Table 2 Combining both loss functions boosts the time range forecasting task, while it deteriorates the performance in the change forecasting task
Table 3 Analysis of the mixing weight parameter \(\lambda\)

6 Conclusion

The main contribution of this work is a model to forecast where new buildings are likely to appear in the near future. Our goal has been to present a contribution to this little-explored topic in the light of modern deep learning technology. Besides setting a first baseline for change forecasting with deep convolutional networks, we have designed a 2-stage transfer learning procedure that employs change detection from paired images as a proxy task for learning features tailored to the analysis of high-resolution satellite images of urban and periurban regions. We have shown that such a pretraining improves change forecasting across a range of time horizons and that it is particularly helpful for a short horizon of 1 month, where the imbalance between unchanged and changed areas is particularly extreme. Moreover, we have also shown that it is possible, to some degree, to forecast how far into the future a change is going to happen.

Clearly, the presented approach does not perfectly solve the problem, mainly due to the fact that forecasting a future construction event from a single image is an ill-posed and very challenging problem. On the one hand, while there obviously are visual cues for future construction activity, none of these cues are guaranteed and unambiguous. For instance, earthworks may point at future construction, but they can take place for other reasons, e.g., landscaping. Furthermore, if a new estate will be constructed, there may already be signs like access roads or earthworks 2 years before, but there could also still be grassland or even agricultural fields, etc. Besides these conceptual limits, there are also technical challenges like the difficulty to obtain a large enough foreground set of comparatively infrequent events, such as new construction and the associated imbalance of the available labels.

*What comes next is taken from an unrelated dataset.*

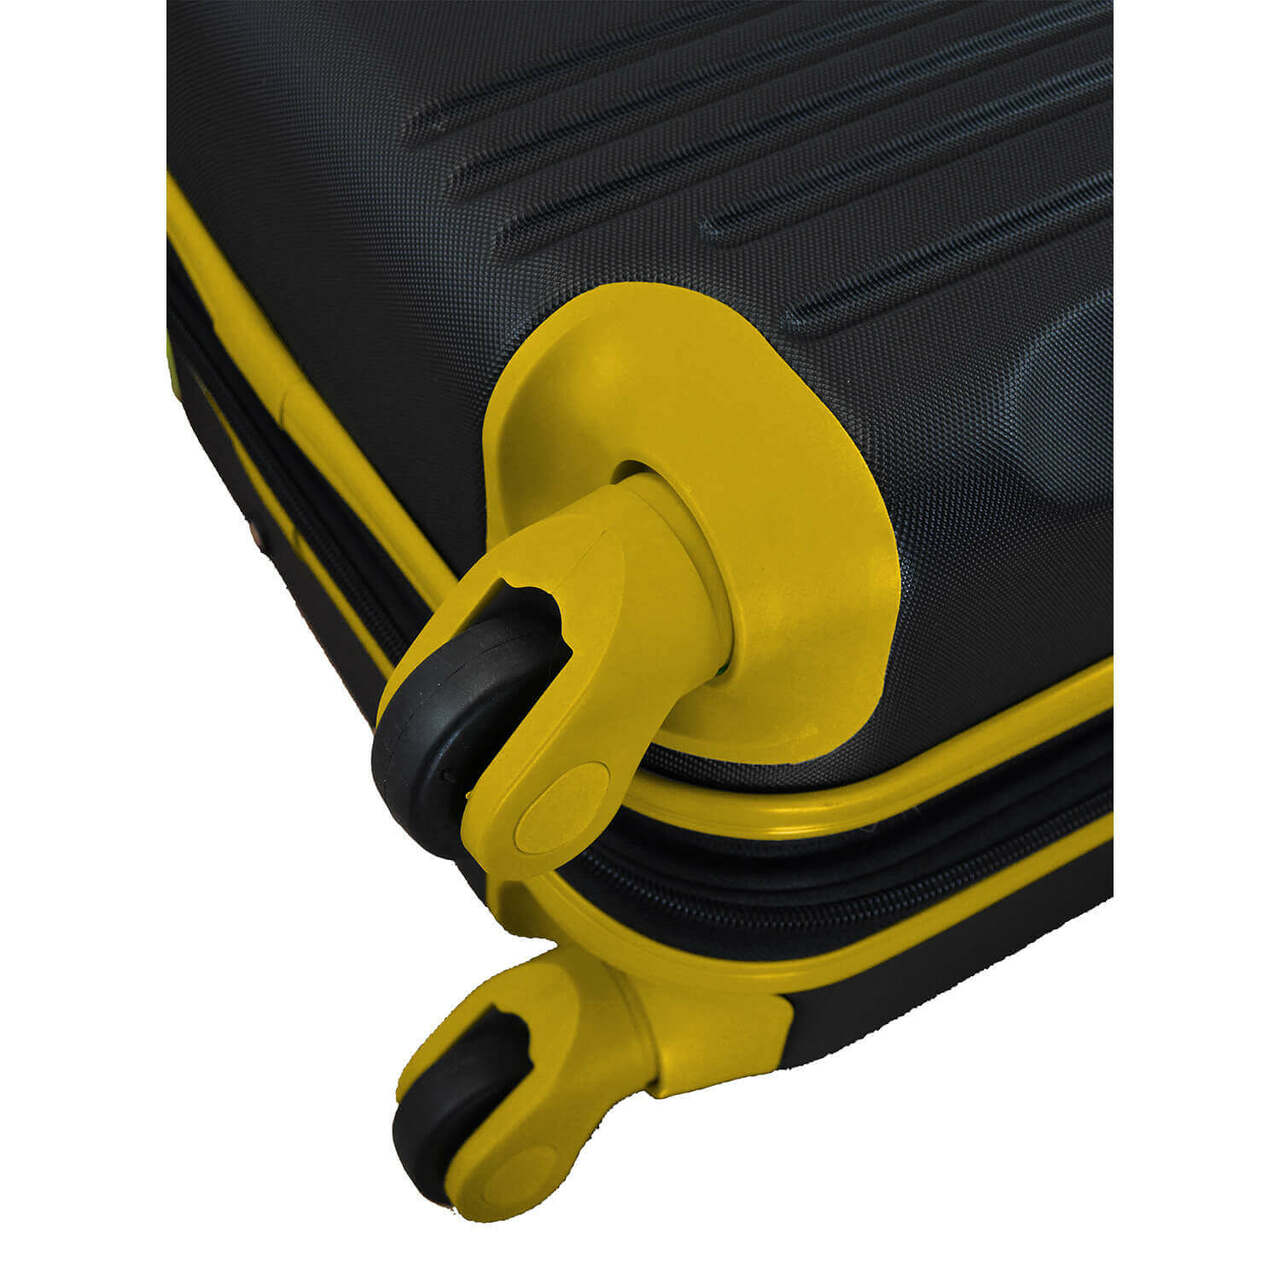 Michigan Carry On Spinner Luggage | Michigan Hardcase Two-Tone Luggage Carry-on Spinner in Yellow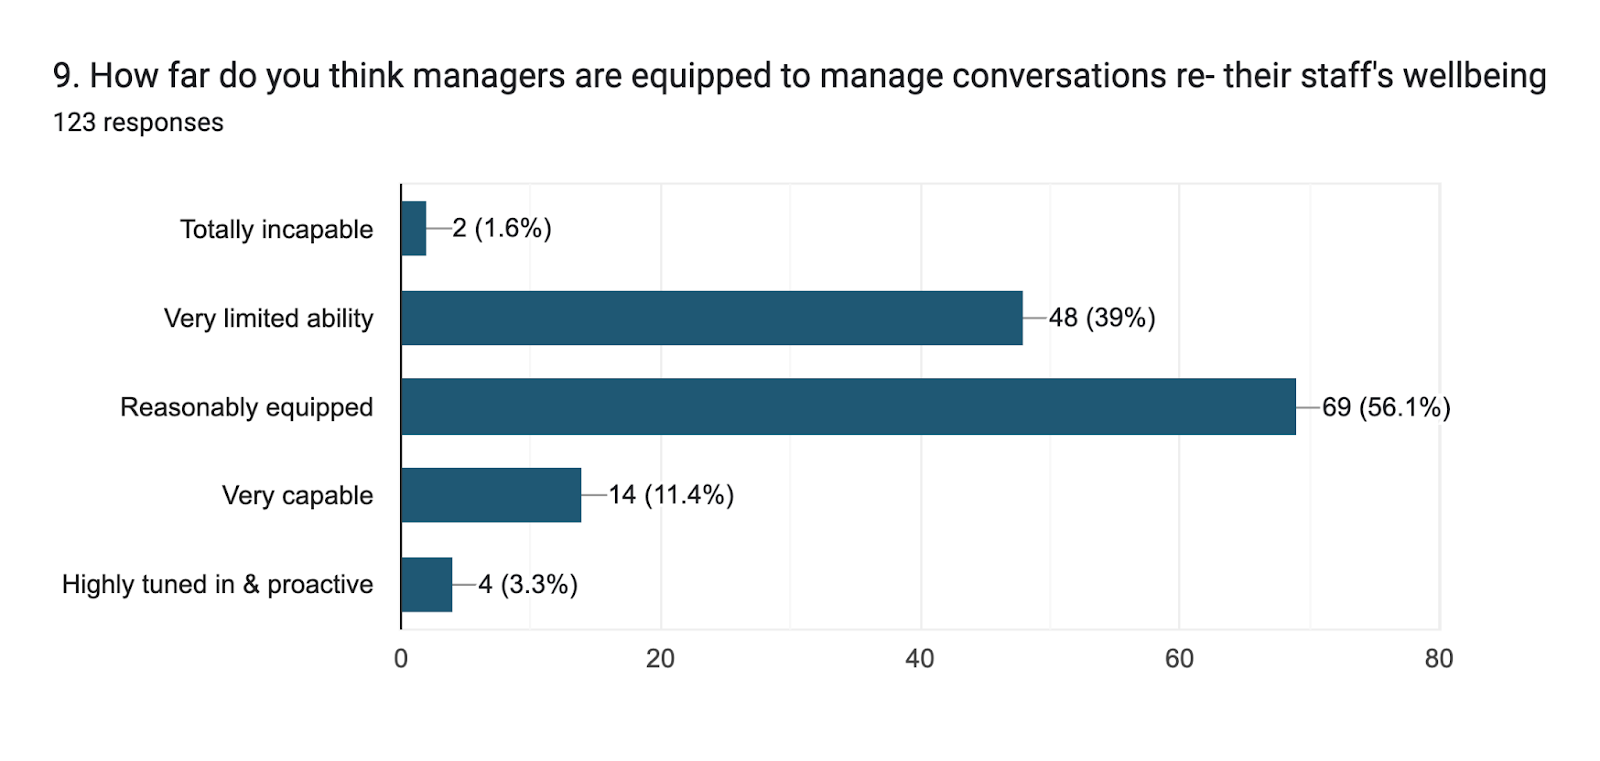 Forms response chart. Question title: 9. How far do you think managers are equipped to manage conversations re- their staff's wellbeing. Number of responses: 123 responses.

We consider our work as a first attempt and hope that it may encourage further research and development toward more powerful and sophisticated forecasting methods. While we have tried to pioneer the use of deep learning for this type of forecasting, our standard convolutional design only scratches the surface of what is possible. Especially if multiple pre-event images are available, it would seem natural to explicitly model the temporal evolution of urban development—for instance with recurrent or attention-based architectures—to better exploit the temporal characteristics of the data. One way to overcome the scarcity of data may also be to synthetically introduce changes in images if one manages to bridge the domain gap between real and synthetic examples. Going for longer-term forecasts significantly beyond the next 2 years is a formidable challenge in terms of both data and methods, but would open up opportunities for a whole new set of applications such as long-term infrastructure planning tasks.